Given an i.i.d. sequence $(\theta_{n}^{i})$ with binomial distribution $\mathcal{B}_{3,\frac{1}{3}}$ we define the Markov Chain $$X_{n+1}:= \sum_{i=0}^{X_{n}}\theta_{n}^{i}\:\:\: \mbox{mod }5.$$
Question: Calculate the transition matrix.

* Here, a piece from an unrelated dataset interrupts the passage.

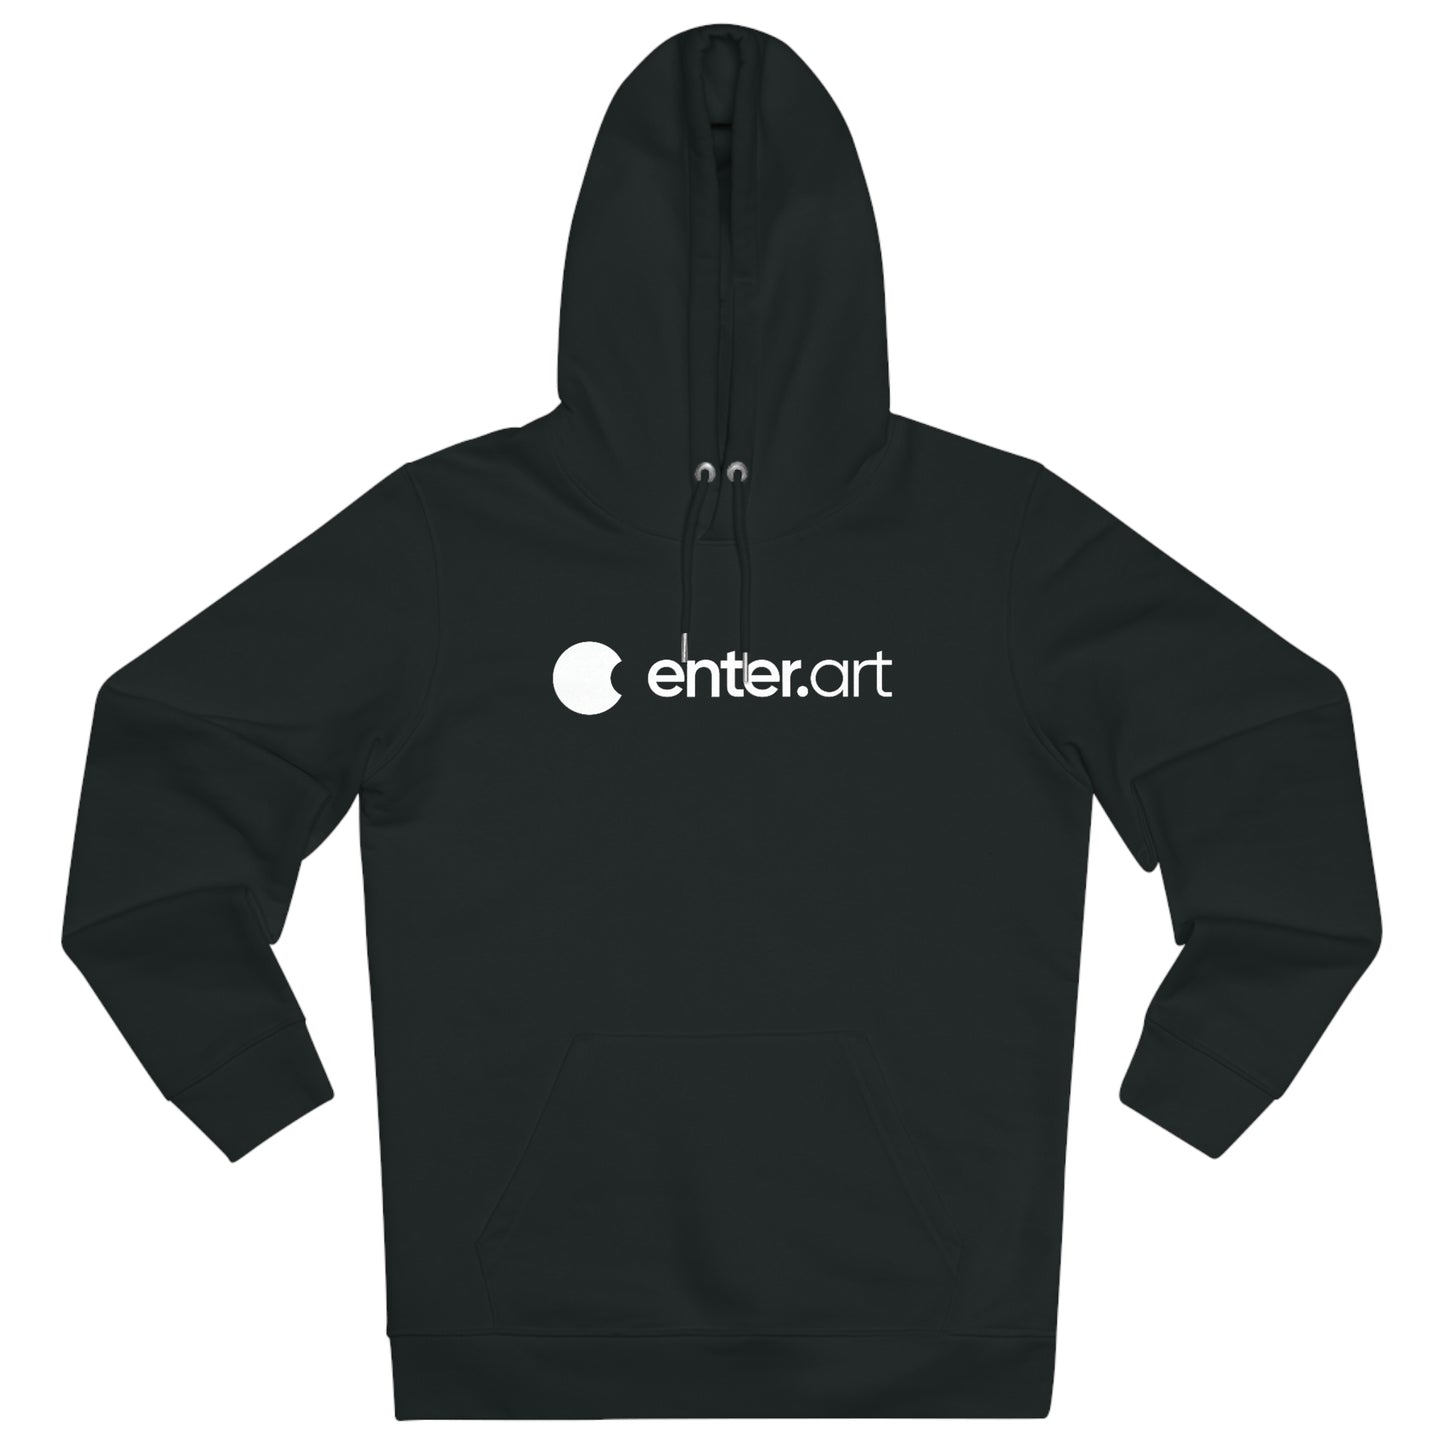 enter.art x Ifeelslick - Black hoodie

Motivation of the question: In stochastic processes it is very difficult to verify if the answer of an exercise is correct, one way is to use the software R, but I am not good at programming, so I turn to this community to verify that my attempt is correct.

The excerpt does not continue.